First, clinicians should continue to have an open and frank informed consent discussion with their patients. We must be sure that clinicians around the world routinely use patient handouts that describe how midurethral slings work, their risks and benefits, and the possible alternatives. If a clinician decides to use a checklist, it should be done under the guise of promoting further patient discussions and not as a defensive strategy to avoid potential litigation. If patients question the use of a checklist, we should have a frank and open discussion about how outside medicolegal pressures are forcing our hand, but that it is only a means to ensure that we have discussed all current concerns that outside sources are introducing into our discussion.

In addition, there should be a public awareness campaign about how midurethral slings are considered the gold standard, as they have fewer complications and similar efficacy with better long-term results than any other continence procedure currently available.

Finally, as recommended by the FDA [1, 2], National Institute for Health and Care Excellence (NICE) (https://​www.​nice.​org.​uk/​guidance/​cg171), and more recently supported by Science Committee on Emerging and Newly Identified Health Risks (SCENIHR) [7], we should ensure that only experienced and skilled surgeons implant permanent midurethral slings and manage complications related to them.

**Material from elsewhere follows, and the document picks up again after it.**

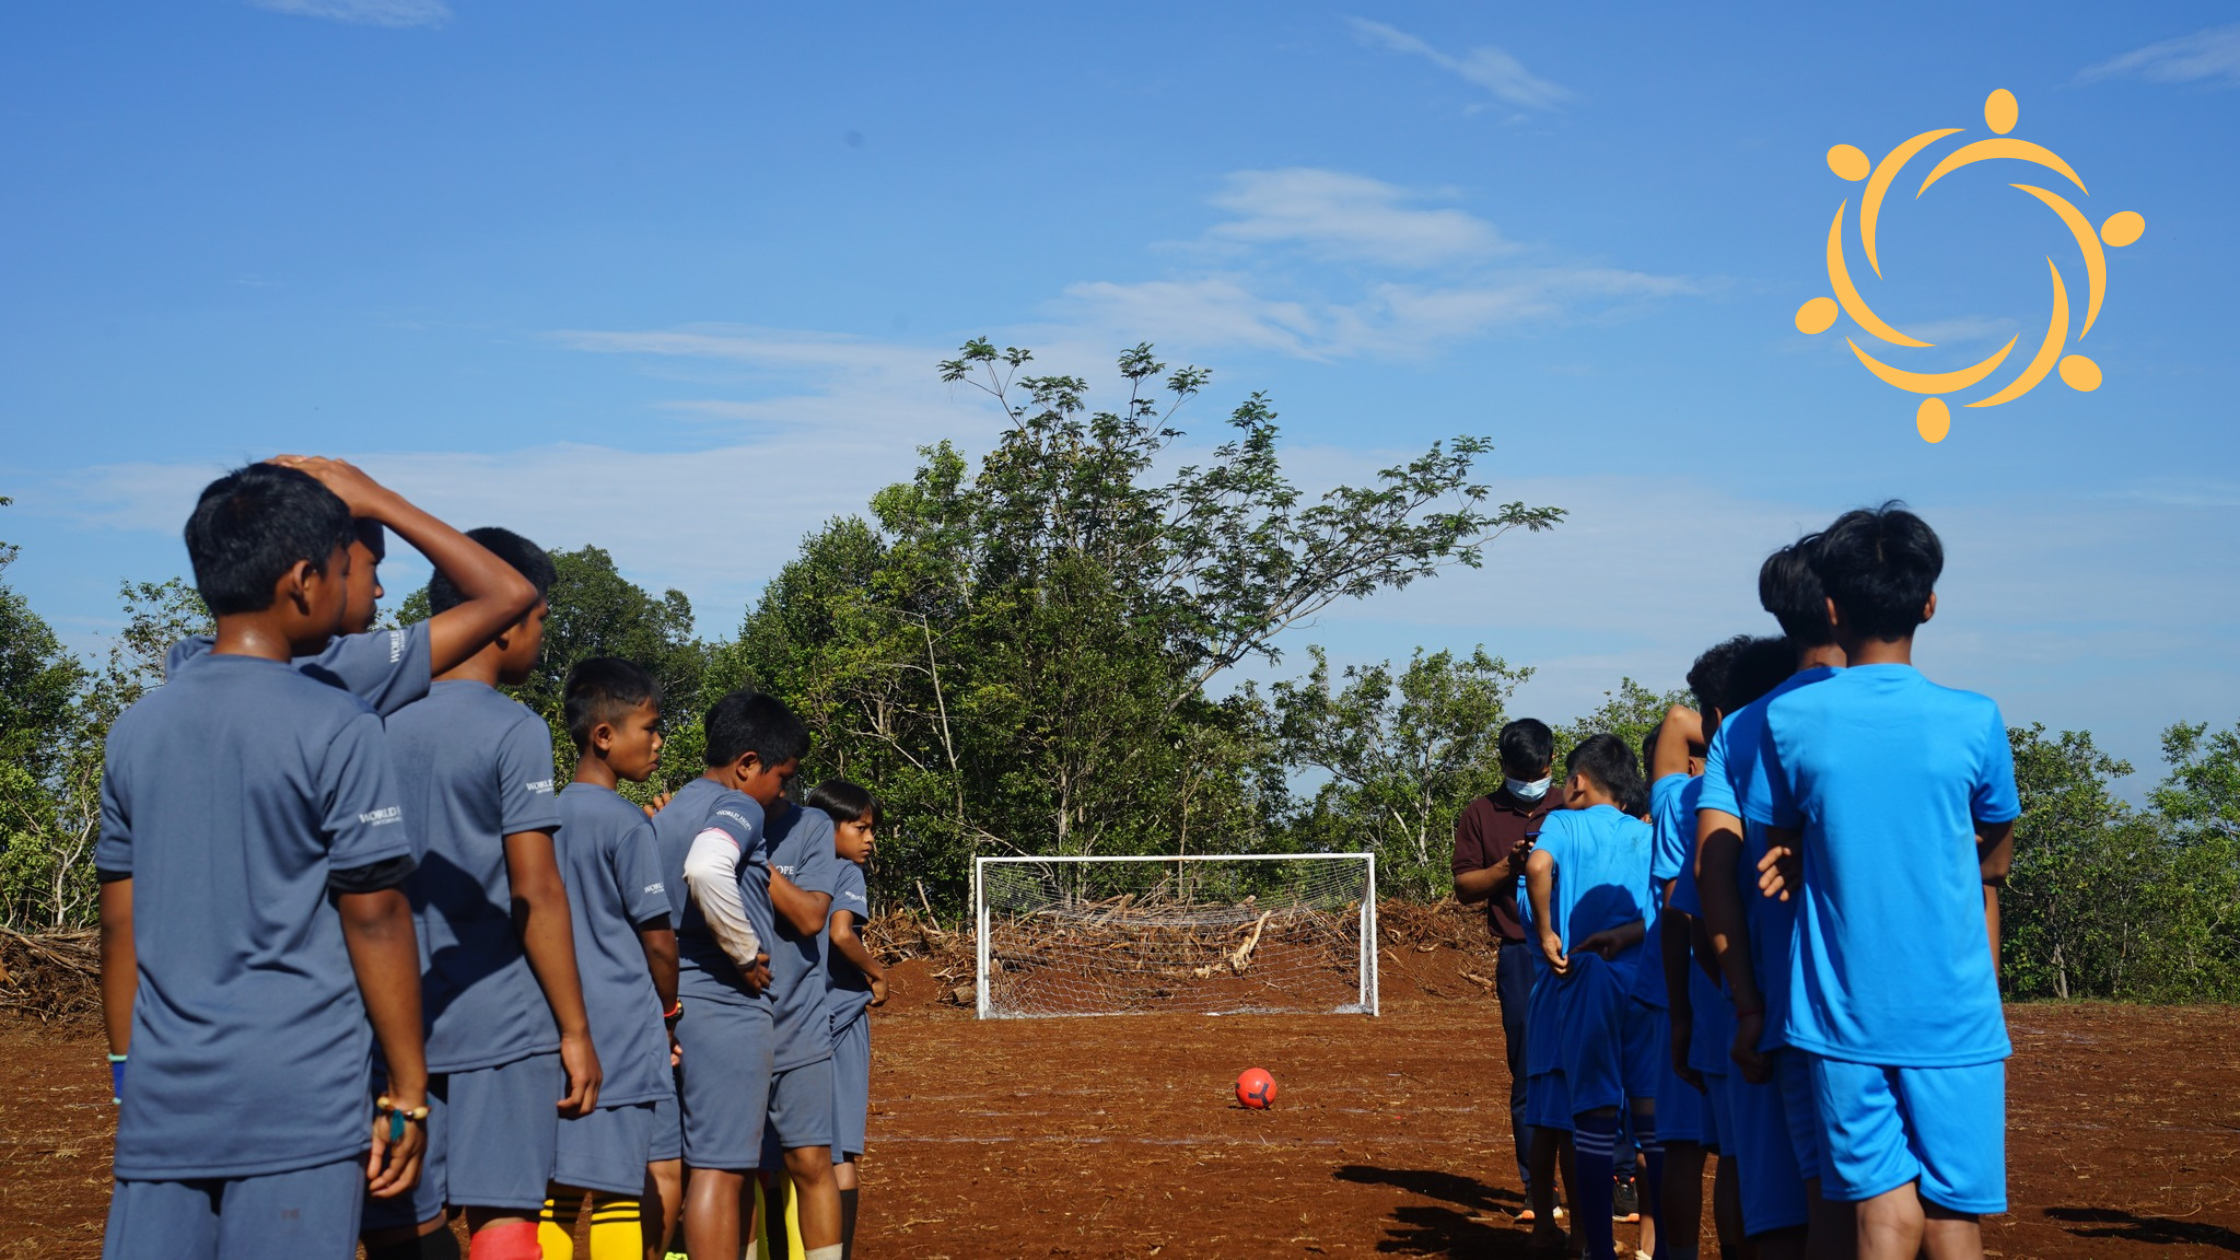 kids playing soccer in the after-school program

Physicians should be considered as competent if they manage to demonstrate that:

Ideally, women should be able to access public records, audit data, and registries of national and international professional scientific societies to better understand the published success, failure, improvement, and complication rates associated with midurethral slings. Information leaflets covering the background, alternative treatments, and issues about the surgery should be given to and discussed and reviewed with the woman prior to surgery.